Some of New Zealand’s most popular utes and road cars will have their ANCAP safety rating expire this year.
However, that doesn’t prevent any of these cars from being sold here, nor does it affect imports that are not eligible for ANCAP ratings.
ANCAP’s car star safety ratings now expire after six years from when they are tested.
Vehicles with expired safety ratings cannot advertise former ratings, nor do they have to display it as an ‘unrated’ car.
In fact, most car consumers don’t take into account the date of when an ANCAP test was conducted but instead focus on the score.
Thus, by having expiration dates of six years, ANCAP says it will make shopping for a new car safer and easier.
Vehicles with tests done in 2015 or earlier will have their safety rating expire at the end of the year. That is unless they are replaced by a new model or a current model with updated safety features receives another test.
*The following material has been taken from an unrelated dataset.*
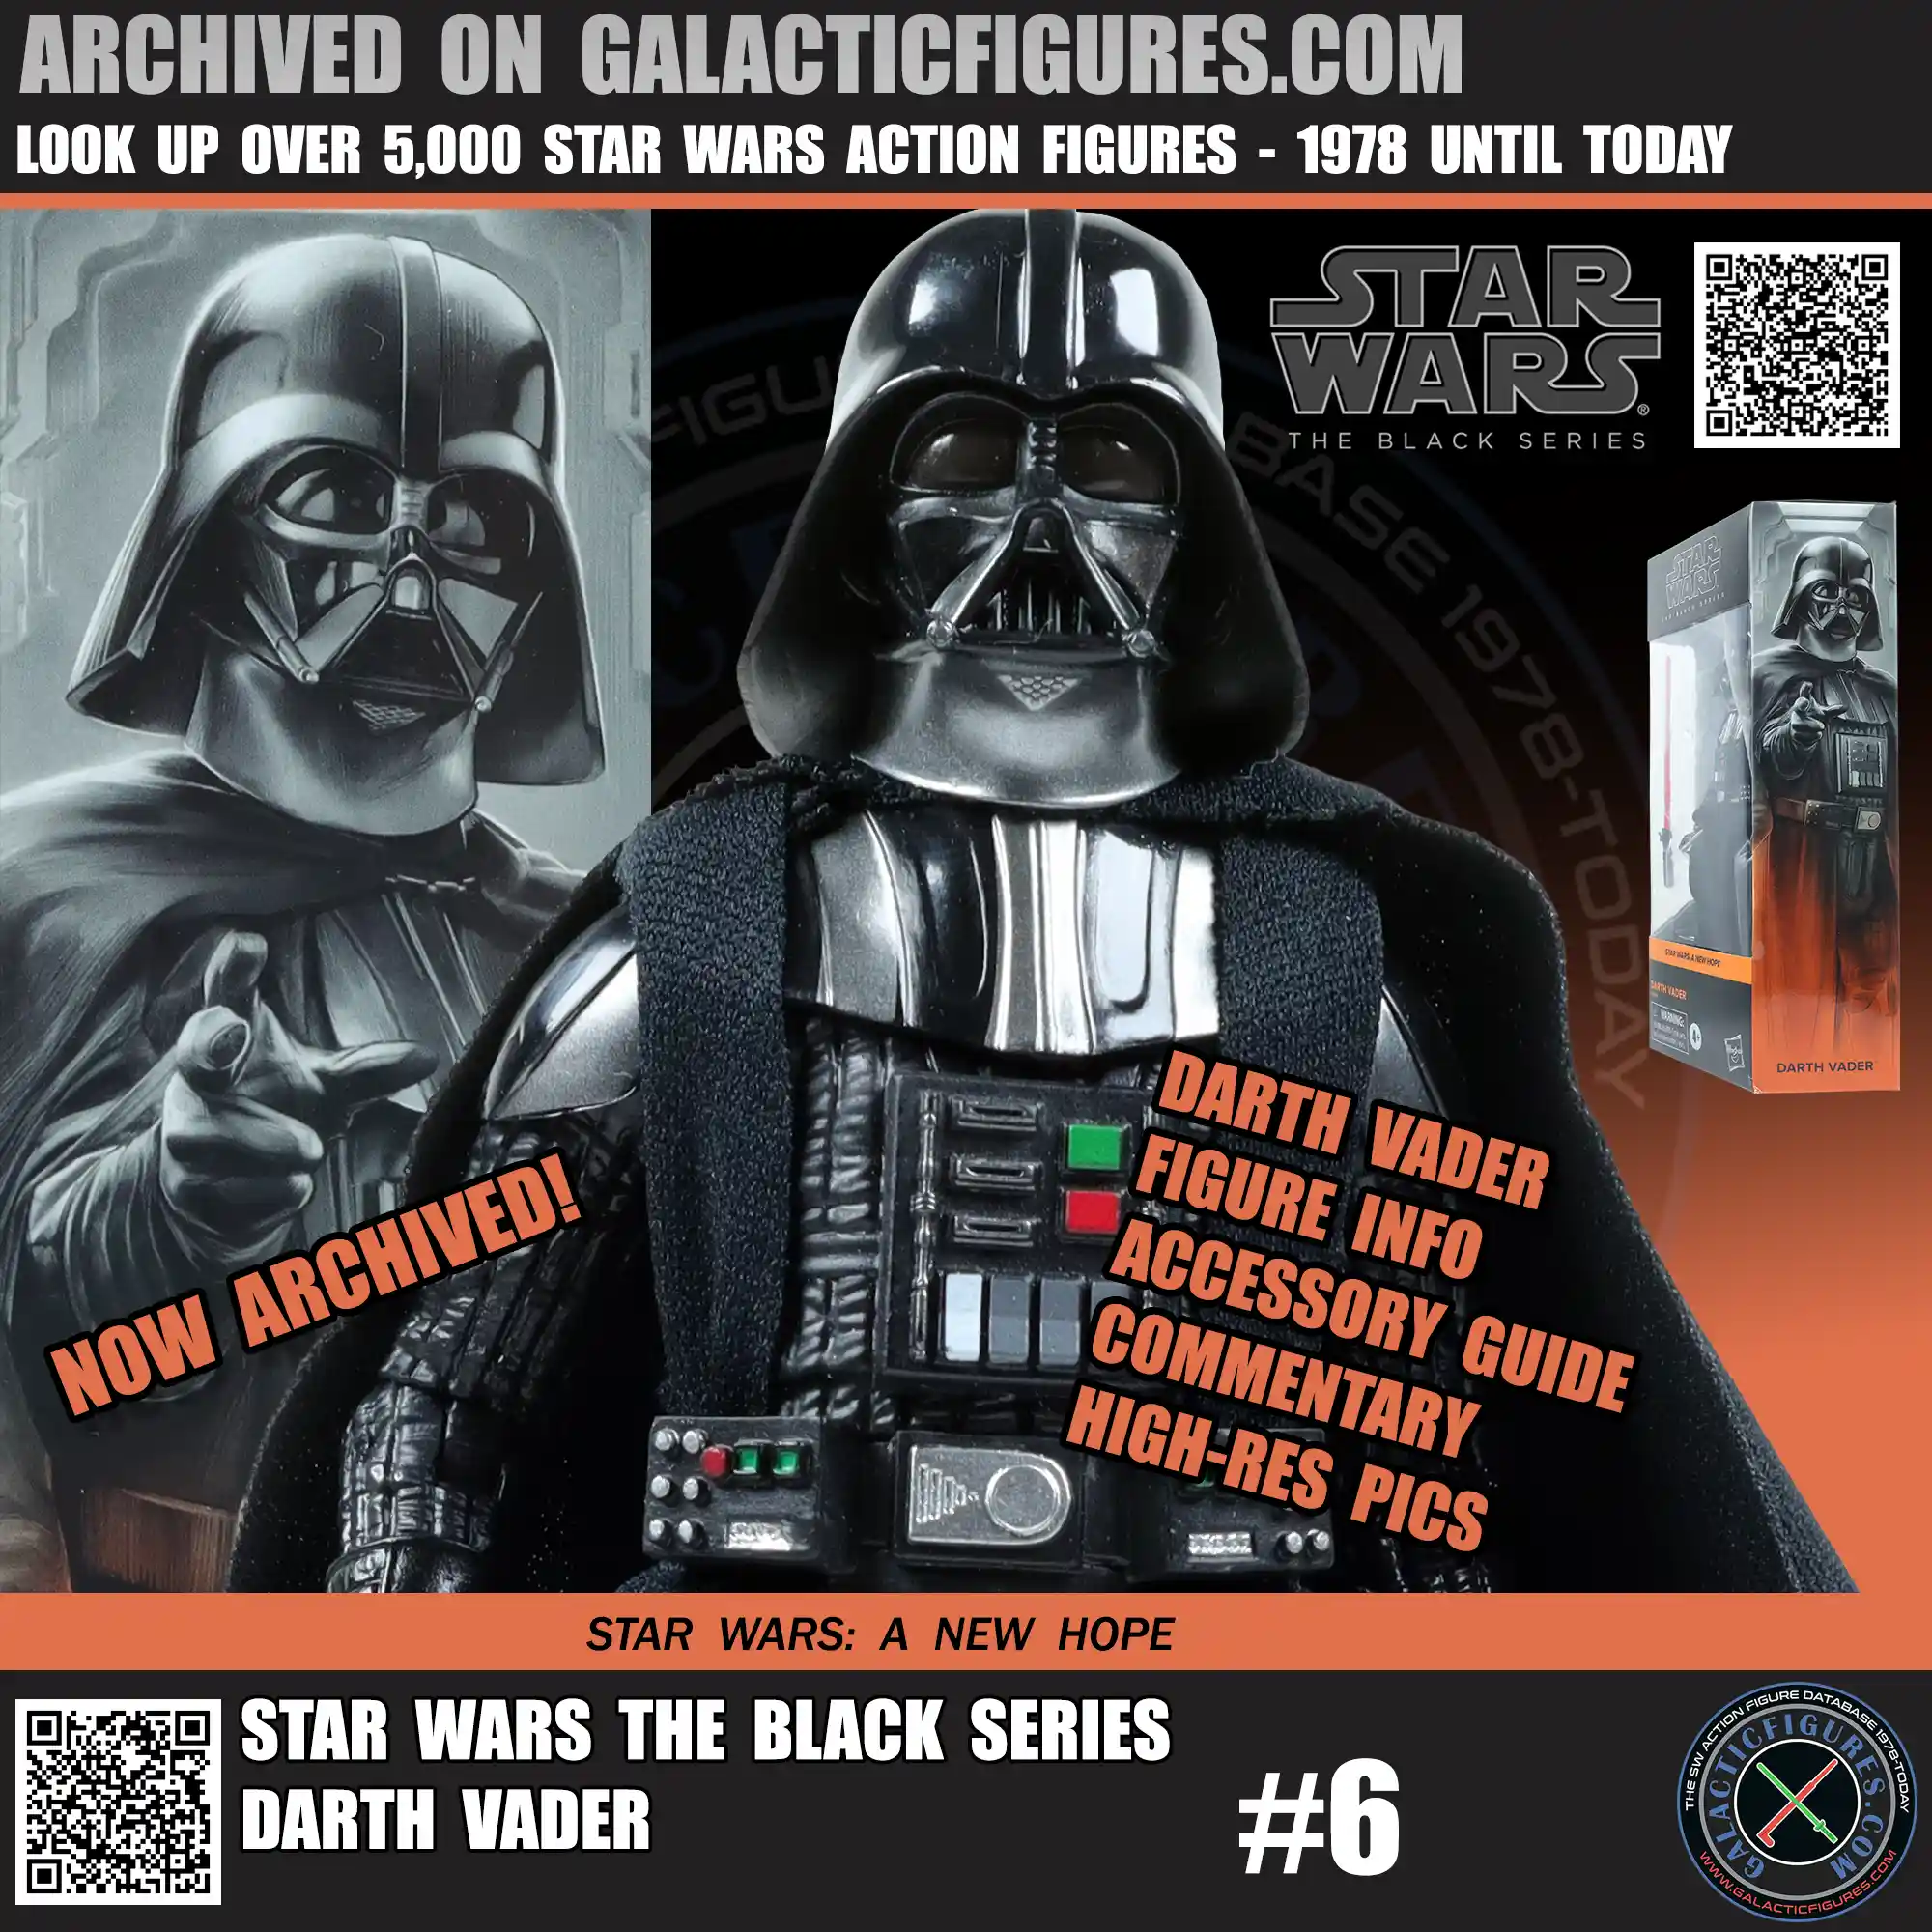 Black Series Darth Vader (ANH) Added To The Website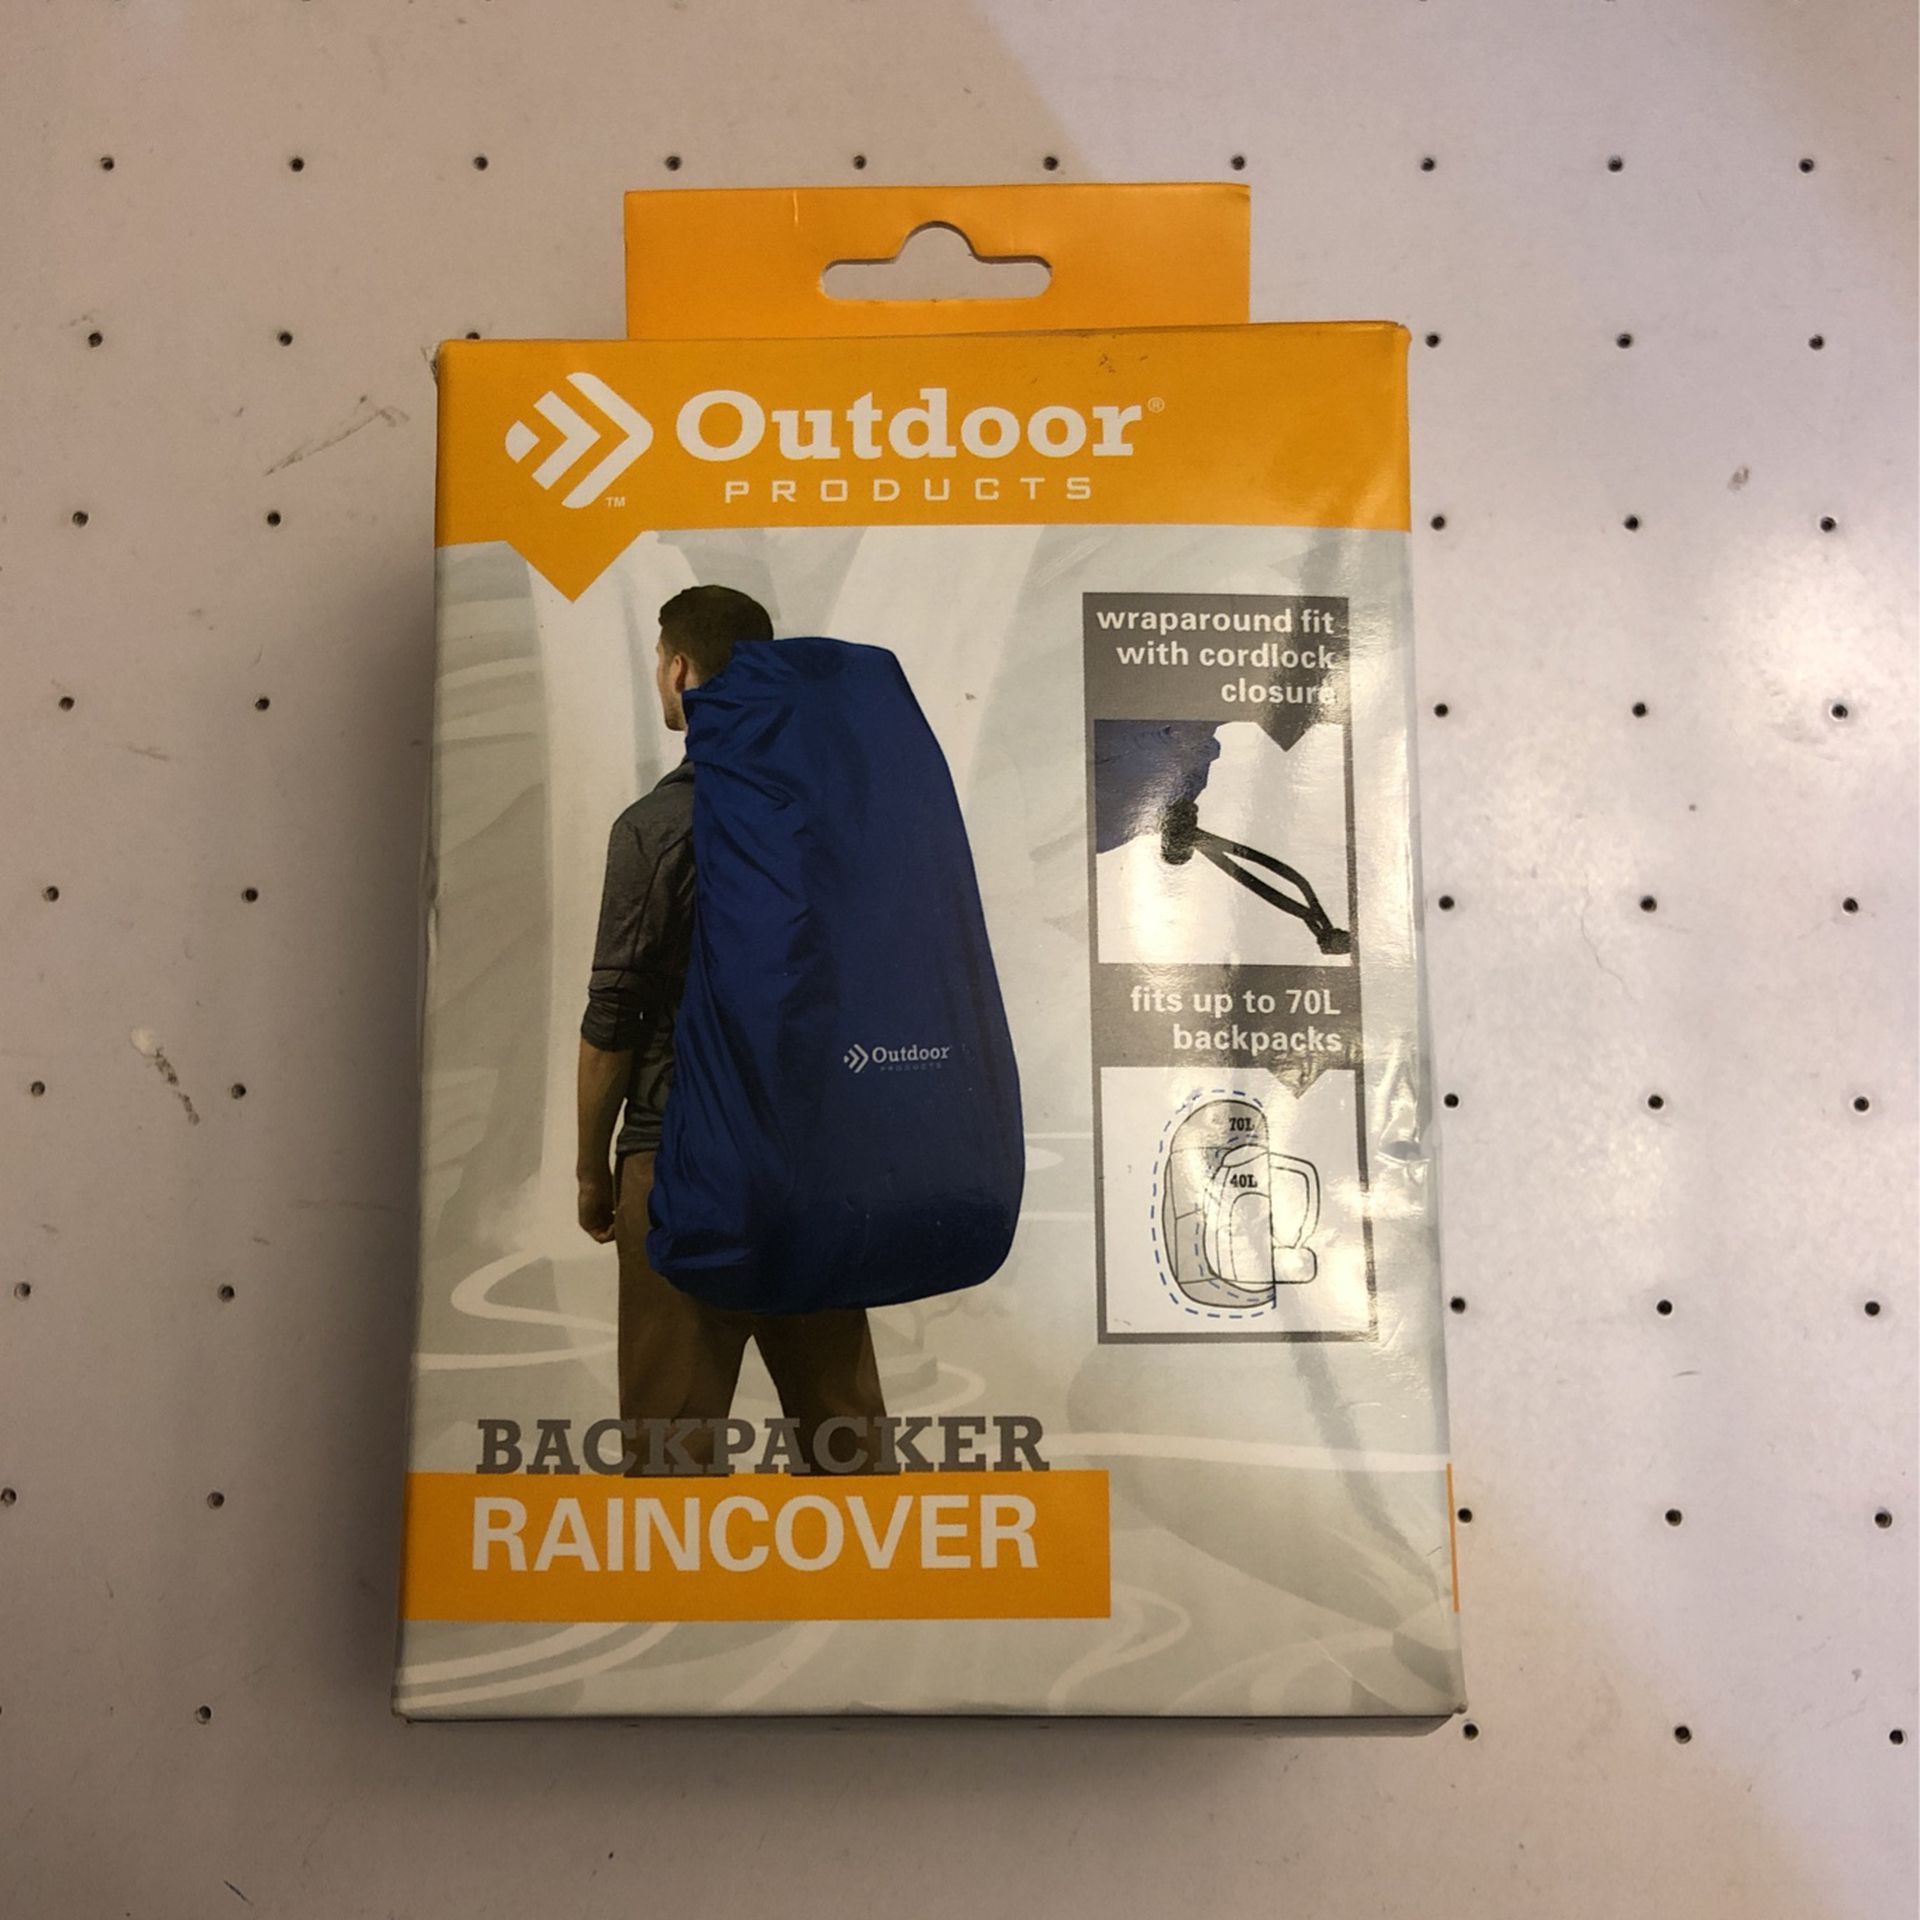 NEW Outdoor Backpack Raincover

Some of these include the Ford Ranger and Mitsubishi Triton. Both are frequently New Zealand’s most sold vehicles and were number one and three in sales last month.
The Volkswagen Amarok hasn’t had a repeat test since it was awarded five stars in 2011.
Passenger cars with outdated tests include all variants of the Subaru WRX, Honda HR-V and Ford Everest.
Crash testing can be very expensive. An average test costs $750,000, per the Royal Automobile Club of Victoria, Australia.
Nearly every single new car release almost always boasts about new safety measures. Hence, it’s unlikely any 2022 model is less safe than its 2015 counterpart.
“It’s a very expensive process to test them,” Mazda Australia’s marketing director Alastair Doak told Drive.com.
“Fundamentally the cars haven’t changed. Obviously, we’ve updated them along the years, we’ve added more safety equipment over the years, so they’re no less safe yesterday than they are today.”